Reproduce the listing exactly. Omit pictures.

● **Recorded data**:
* * *

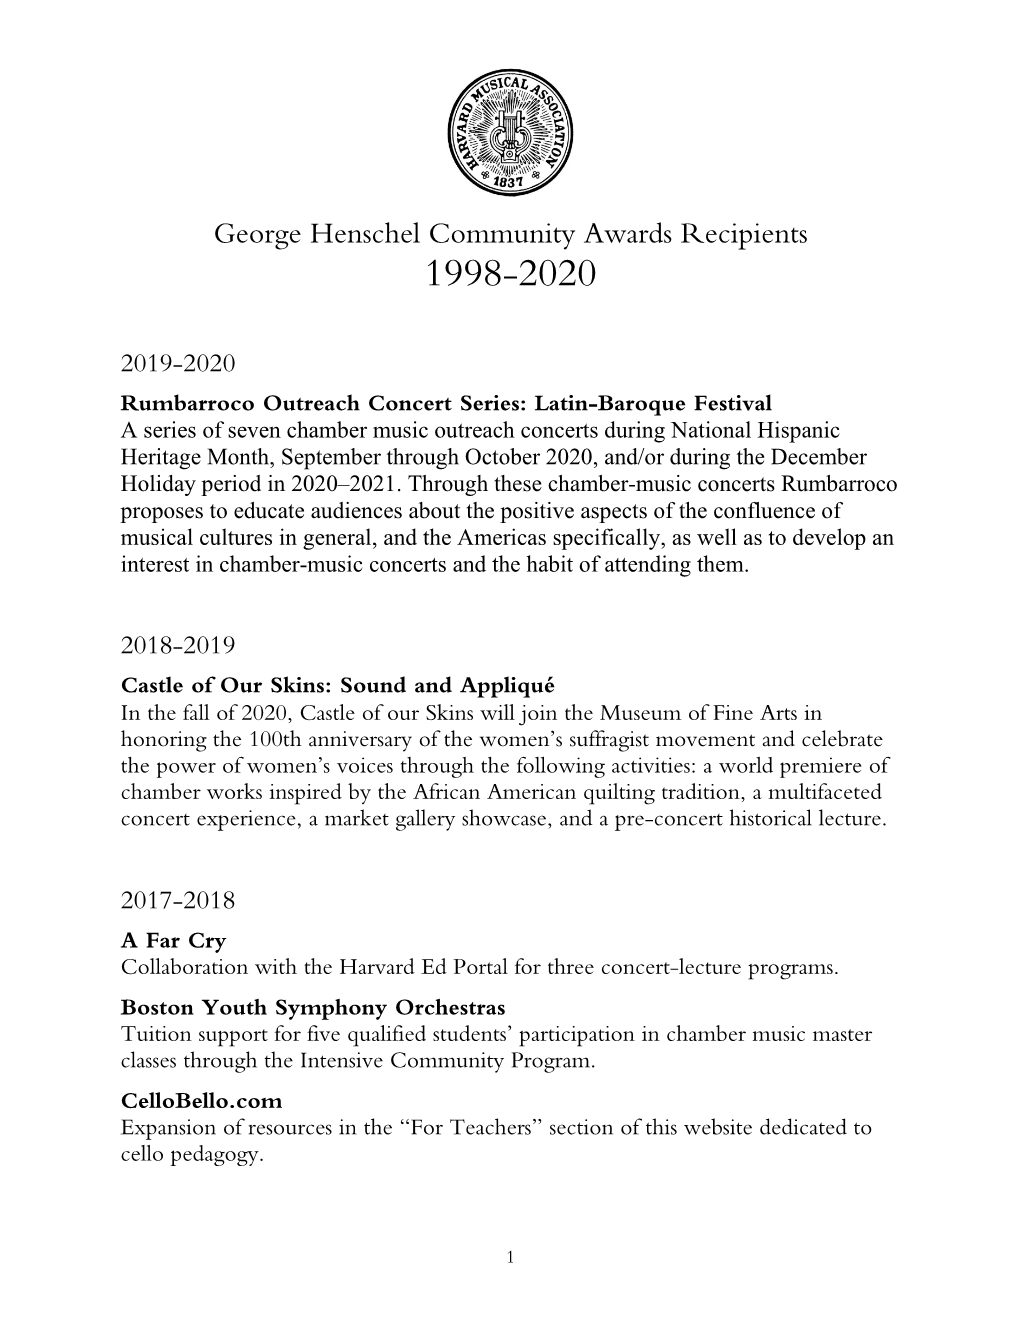 George Henschel Community Awards Recipients 1998-2020
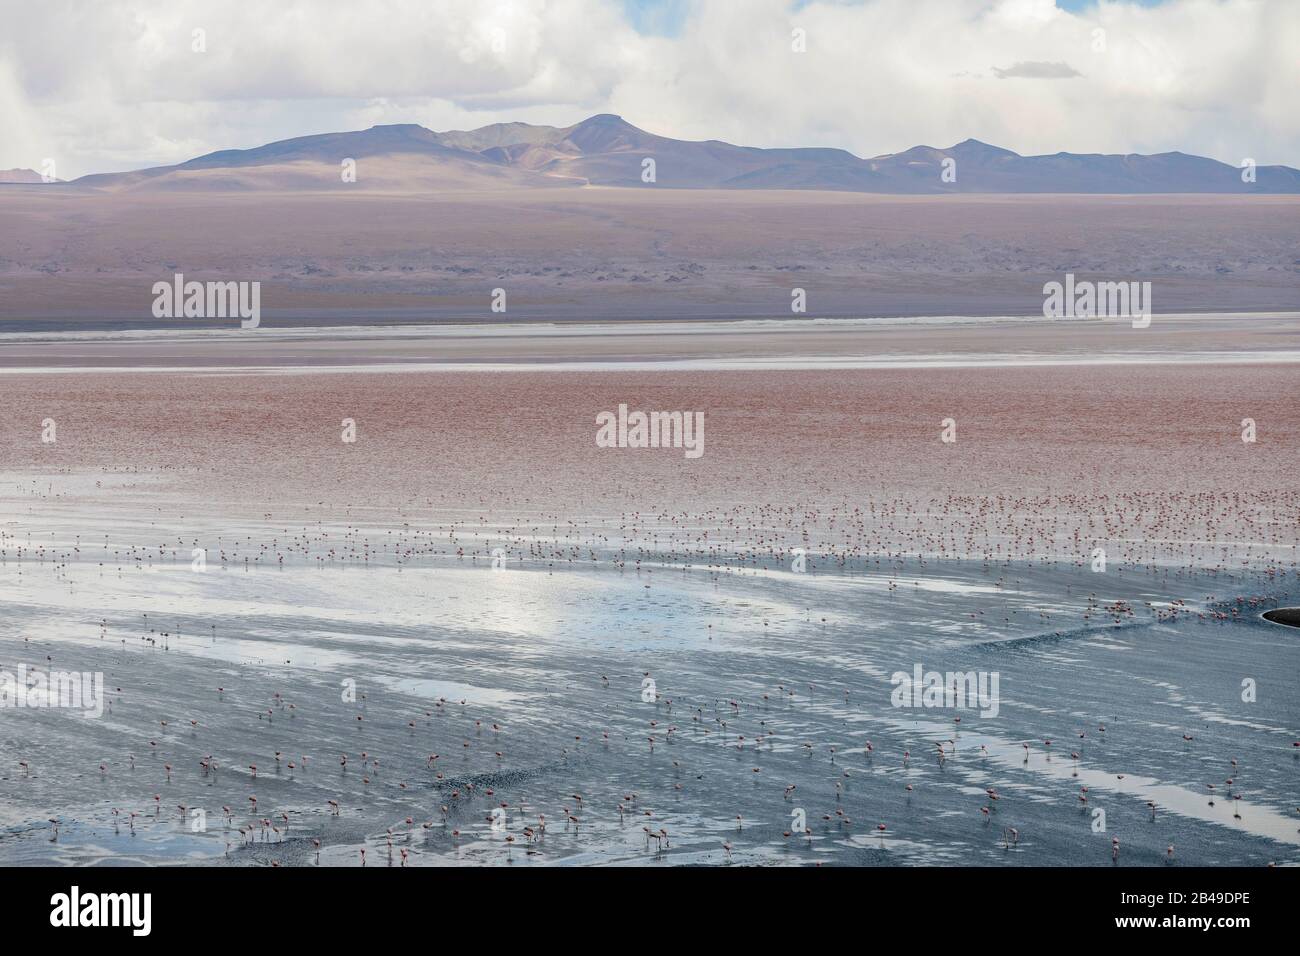 Fenicotteri a Laguna Colorada, un lago di sale a sud-ovest dell'altiplano della Bolivia. Foto Stock
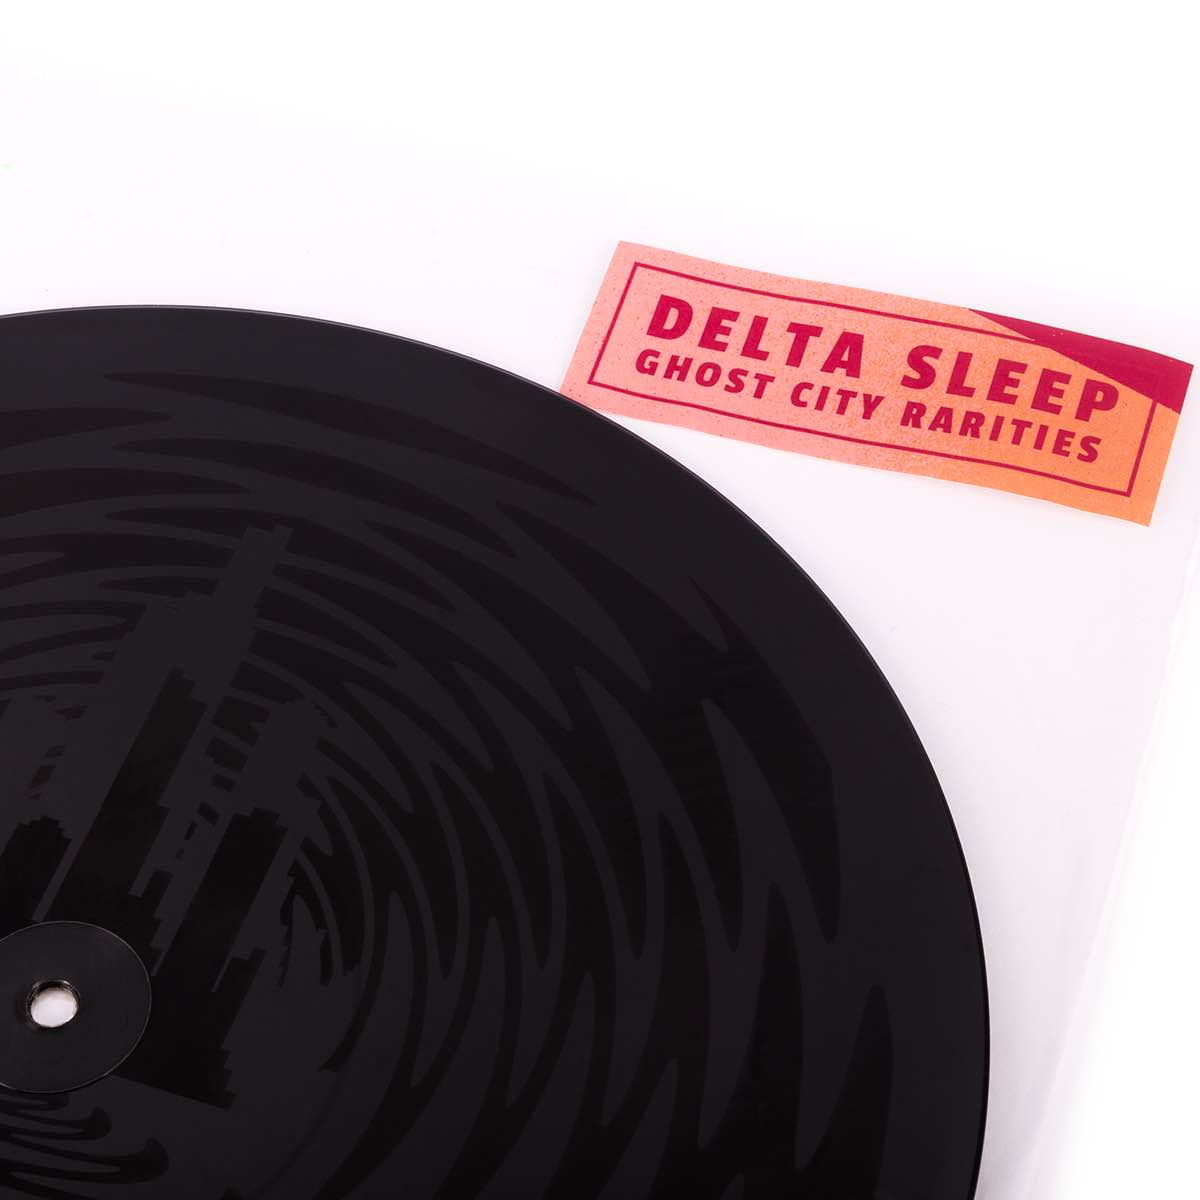 Delta Sleep – Ghost City Rarities

* * *

● **Exercise answer**:
 George Henschel Community Awards Recipients 1998-2020
 Fenicotteri a Laguna Colorada, un lago di sale a sud-ovest dell'altiplano della Bolivia. Foto Stock
 Delta Sleep – Ghost City Rarities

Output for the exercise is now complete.